You can include <script> tags inside your .html templates, and then build your data structures however is convenient for you. The template language isn't only for HTML, it can also do Javascript object literals.
And Paul is right: it might be best to use a json module to create a JSON string, then insert that string into the template. That will handle the quoting issues best, and deal with deep structures with ease.
It is suboptimal. Have you considered passing your data as JSON using django's built in serializer for that?
See the related response to this question. One option is to use jsonpickle to serialize between Python objects and JSON/Javascript objects. It wraps simplejson and handles things that are typically not accepted by simplejson.
Putting Java Script embedded into Django template is rather always bad idea.
Rather, because there are some exceptions from this rule.
Everything depends on the your Java Script code site and functionality.
It is better to have seperately static files, like JS, but the problem is that every seperate file needs another connect/GET/request/response mechanism. Sometimes for small one, two liners code os JS to put this into template, bun then use django templatetags mechanism - you can use is in other templates ;)
About objects - the same. If your site has AJAX construction/web2.0 like favour - you can achieve very good effect putting some count/math operation onto client side. If objects are small - embedded into template, if large - response them in another connection to avoid hangind page for user.
Fixing the security hole in the answers by #willblack and #Daniel_Kislyuk.
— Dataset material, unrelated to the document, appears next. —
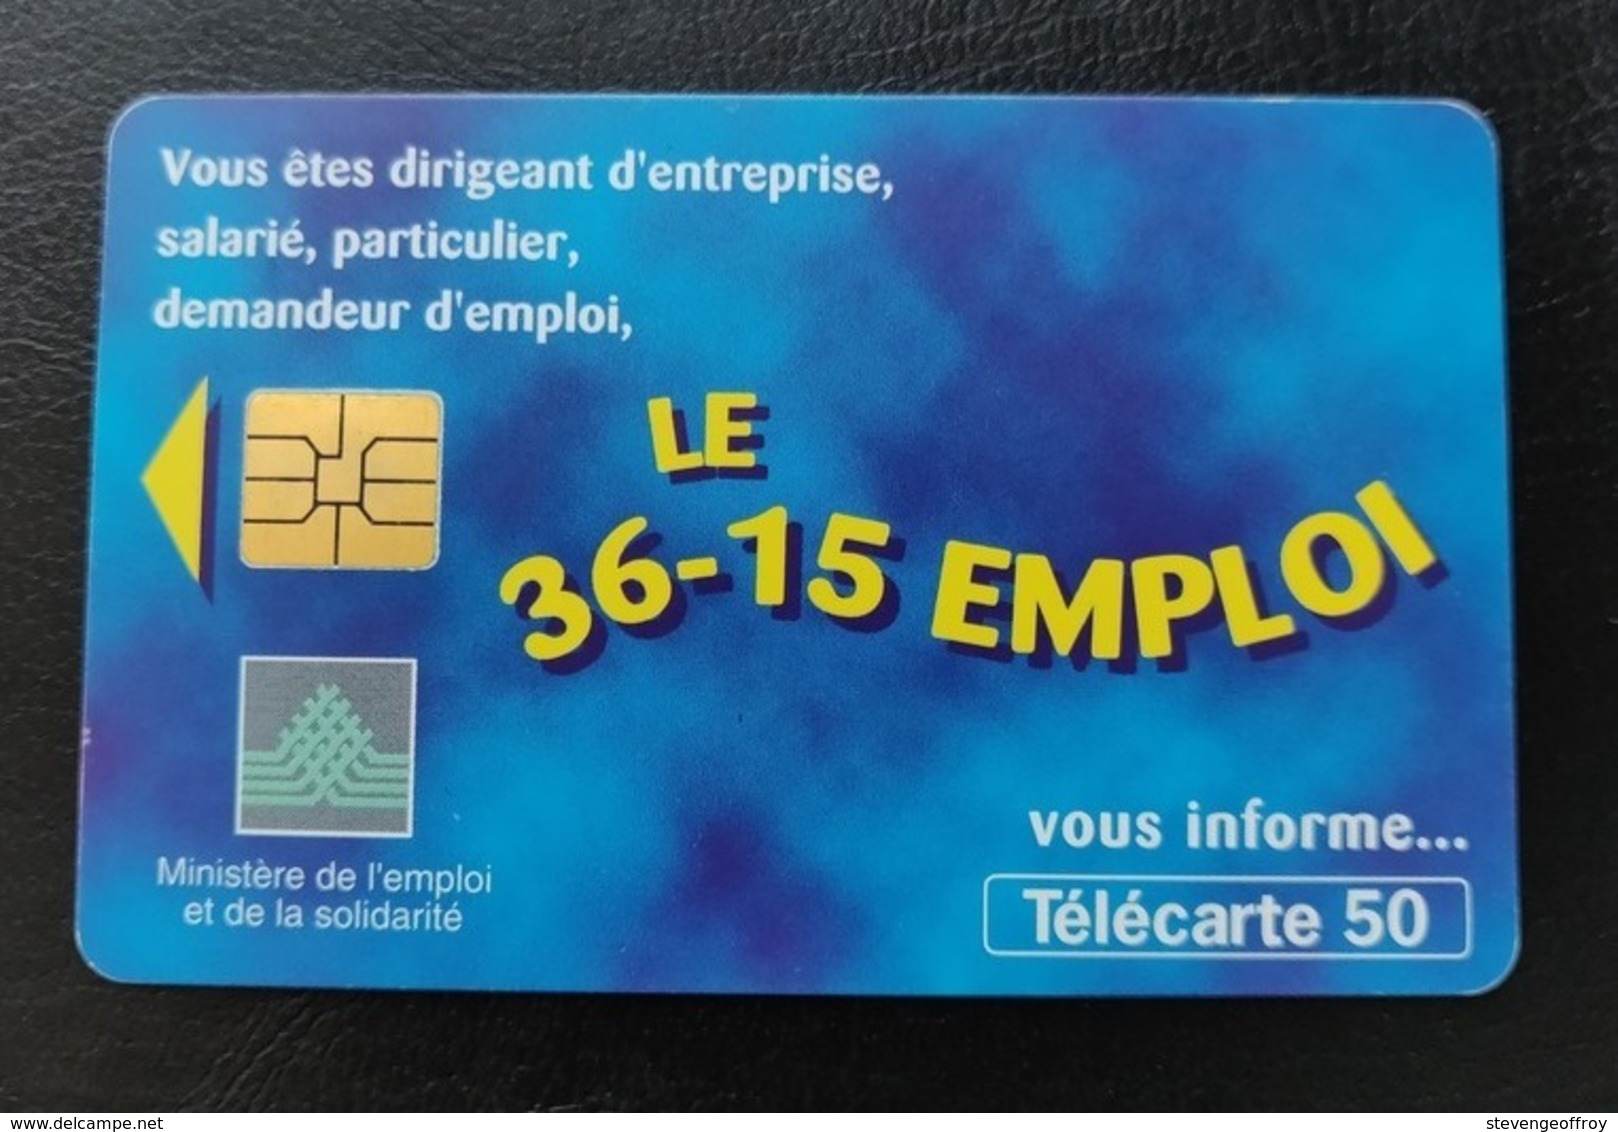 Telecarte France Publique 1997 3615 Emploi Chiffre Numéro - 1997

If the data is untrusted, you cannot just do
viewset.py
def get_context_data(self, **kwargs):
context['my_dictionary'] = json.dumps(self.object.mydict)
template.html
<script>
my_data = {{ my_dictionary|safe }};
</script>
because the data could be something like
{"</script><script>alert(123);</script>":""}
and forward slashes aren't escaped by default. Clearly the escaping by json.dumps may not 100% match the escaping in Javascript, which is where the problems come from.
Fixed solution
As far as I can tell, the following fixes the problem:
<script>
my_data = JSON.parse("{{ my_dictionary|escapejs }}");
</script>
If there are still issues, please post in the comments.